K. R. Slavis, P. F. Dowkontt, J. W. Epstein, P. L. Hink (Washington University), J. L. Matteson, F. Duttweiler, G. L. Huszar, P. C. Leblanc, R. T. Skelton, E. A. Stephan (University of California-San Diego)

Cadmium Zinc Telluride (CZT) is a room temperature semiconductor detector well suited for high energy X-ray astronomy. We have developed a CZT detector with crossed strip readout, 500 micron resolution, and an advanced electrode design that greatly improves energy resolution.
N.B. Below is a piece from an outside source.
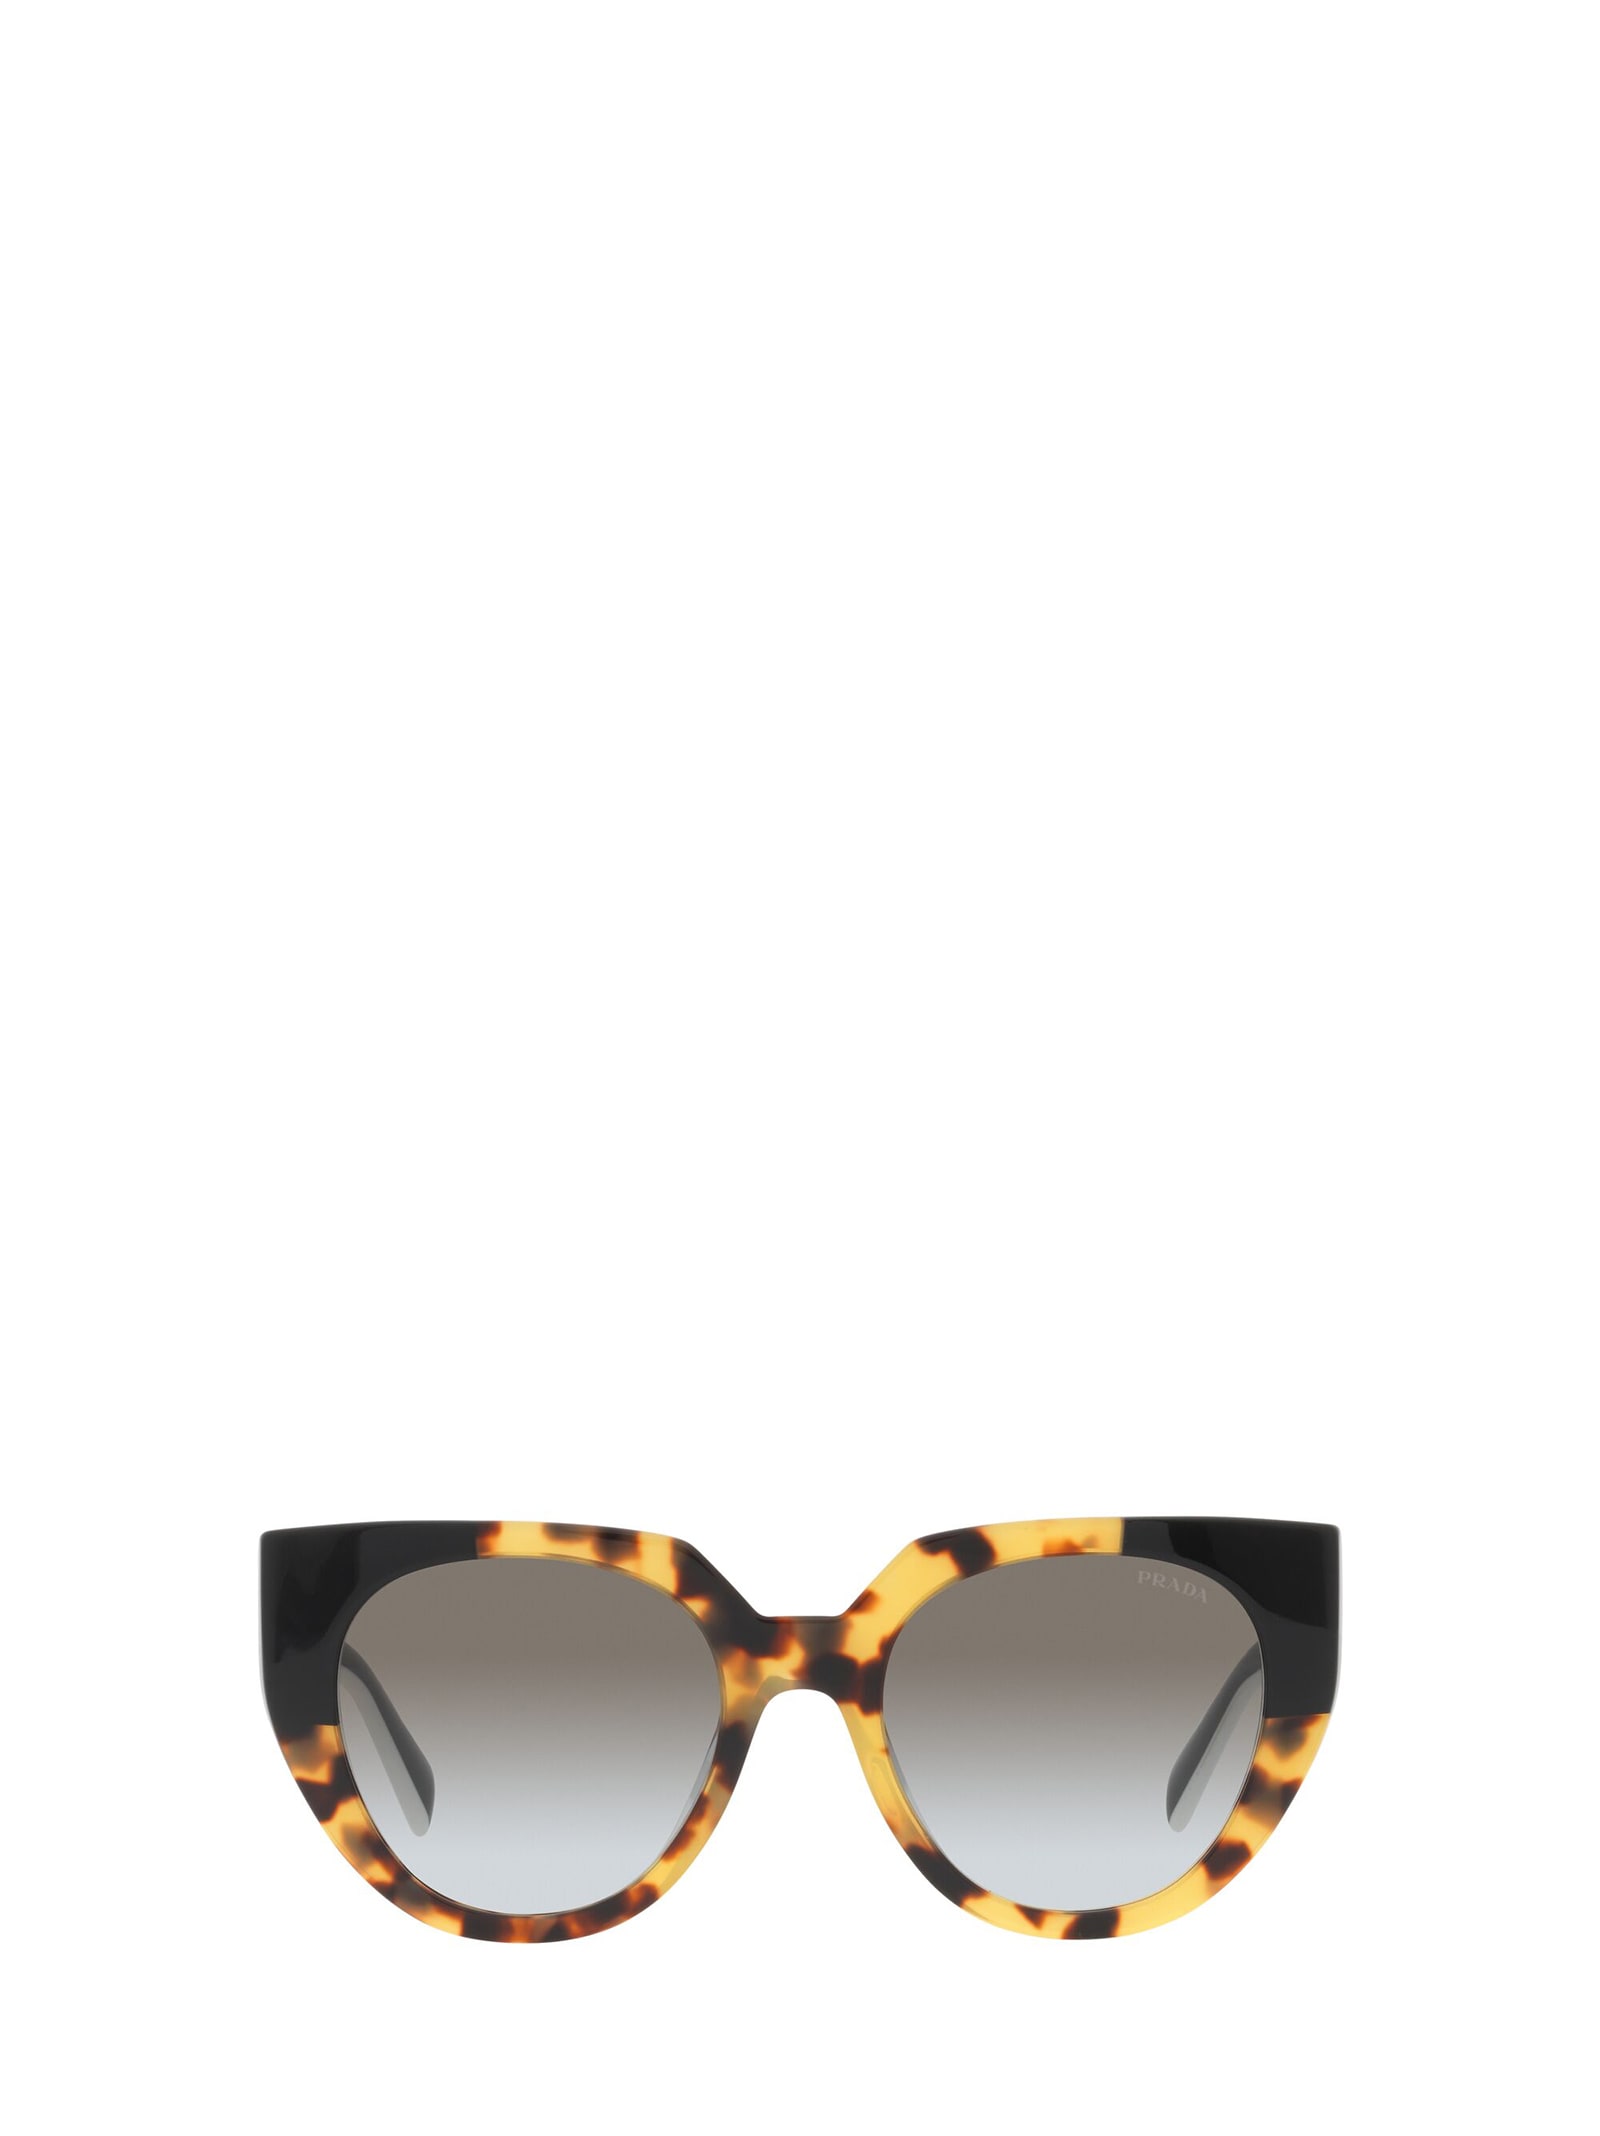 Prada Pr 14ws Medium Tortoise / Black Sunglasses In Grey | ModeSens

The latter varies from 3 keV to 6 keV FWHM over the range from 14-184 keV. We have conducted two balloon flights using this cross-strip detector and a standard planar detector sensitive in the energy range of 20-350 keV. These flights utilized a total of seven shielding schemes: 3 passive (7, 2, and 0 mm thick Pb/Sn/Cu), 2 active (NaI-CsI with 2 opening angles) and 2 hybrid passive-active. In the active shielding modes, the shield pulse heights were telemetered for each CZT event, allowing us to study the effect of shield energy-loss threshold on the background. The flights were launched from Fort Sumner, NM in October 1997 and May 1998, and had float altitudes of 109,000 and 105,000 feet respectively. Periodic energy calibrations showed the detector performance to be identical to that in the laboratory. The long duration of the May flight, 22 hours, enables us to study activation effects in the background. We present results on the effectiveness of each of the shielding schemes, activation effects and two new background reduction techniques for the strip detector. These reduction techniques employ the depth of interaction, as indicated by the ratio of cathode to anode pulse height, and multiple-site signatures to reject events that are unlikely to be X-rays incident on the detector's face. The depth of interaction technique reduces the background by a factor of 4 in the 20-40 keV energy range with passive shielding. Our preliminary results indicate a background level of 8.6x10-3 cts/cm2-s-keV using passive shielding and 6x10-4 cts/cm2-s-keV using active shielding in the 2040 keV range.